We need to press ahead with reform, and push forward with the Independent Sector Treatment Centre (ISTC) programme which plays an important part in local reforms, getting more people care more quickly.

We should see ISTCs as a complementary helpful programme rather than something to be resisted, because we will need this capacity as health services develop and change. 

The NHS is in the middle of the biggest hospital building programme in its history to make the infrastructure of the NHS fit for the 21st Century.
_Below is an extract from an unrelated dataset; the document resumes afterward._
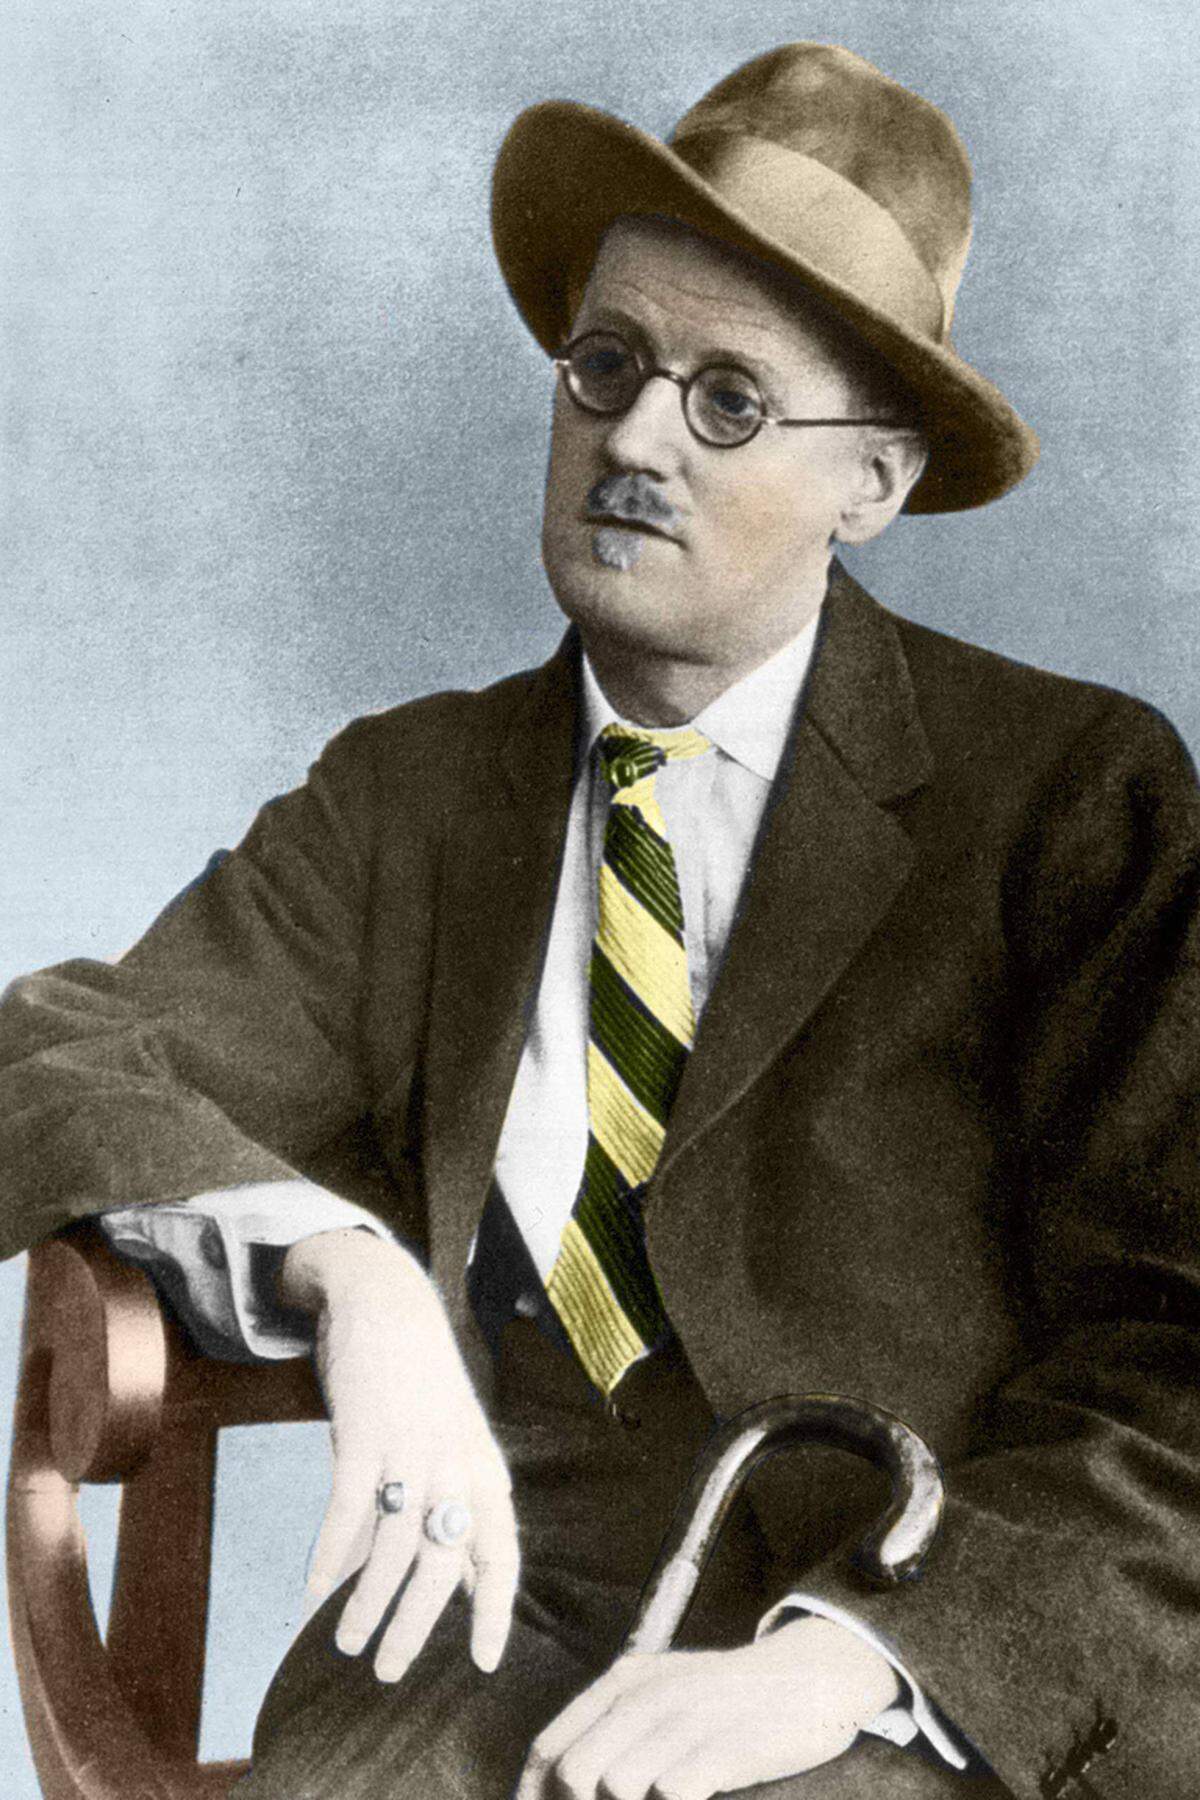 Richtig gelesen: James Joyce hat keinen Literatur-Nobelpreis erhalten. Wir wiederholen: James Joyce hat KEINEN Literatur-Nobelpreis erhalten. Der Schöpfer des Jahrhundert-Romans "Ulysses" wurde von der Jury einfach ignoriert. Das war wohl das größte Versäumnis des Komitees.

Renewing the fabric of the NHS will continue using new and innovative ways of partnering and benefiting from the private sector.

Programmes such as LIFT, PFI, and ProCure21 have delivered 196 new NHS buildings worth around £9.2 billion since their launch, with 189 on the way. For example, ProCure21 is relatively new but a review of the 80 completed schemes shows that the procurement method has helped to deliver quality schemes with time and cost savings.

Two of the openings include the on time and on budget delivery of the £5 million urgent care centre for the Sunderland Primary Care Trust and the £18 million gateway surgical centre at Newham University Hospital.

In the NHS workforce, reductions are happening and no one is pretending they are not. Uncertainty is difficult for any member of staff who might be affected by workforce changes and, of course, I sympathise with anyone in this situation.

However many of the widely reported national figures are not based on the facts from trusts, but are derived from extrapolations of anecdotal evidence, and in some cases, from inaccurate media reports.

One example is in the North Cumbria Acute Hospitals NHS Trust, where the media reported that nursing jobs were being cut, but where the trust had actually taken on 39 nurses.

It does not make sense to look at the different issues in different trusts and add them up to get a crude overall figure.

Situations are different in every trust and hospitals are responding themselves too their own individual circumstances.

A recent snapshot survey of HR directors by NHS Employers showed that while it’s true that some trusts are planning redundancies, many other NHS trusts will use alternative methods to reduce their spending on workforce.

This includes freezing posts, redeploying staff to other roles or organisations, redesigning roles, and reducing or banning the use of expensive agency and temporary staff. The bottom line is compulsory redundancies are being kept to an absolute minimum.

Where trusts are adopting best practice,such as using less agency staff and increasing productivity, it’s a fact that more patients can be treated with the same or less staff.

Efficient trusts are already doing this by using their staff to the full and in the right places at the right times.

There is so much good practice currently being carried out worthy of praise in the NHS (ie, new hospitals, health centres,and success stories) that it would be very easy to do nothing but listen to those with good news.

But I am aware how absolutely essential it is that the Department of Health listens and hear those facing hard times too.Everyone - the public, managers, clinicians, politicians - want to continue to witness improving health services, which can only be achieved with reform.

From my experiences I believe that the environment is there for that to happen.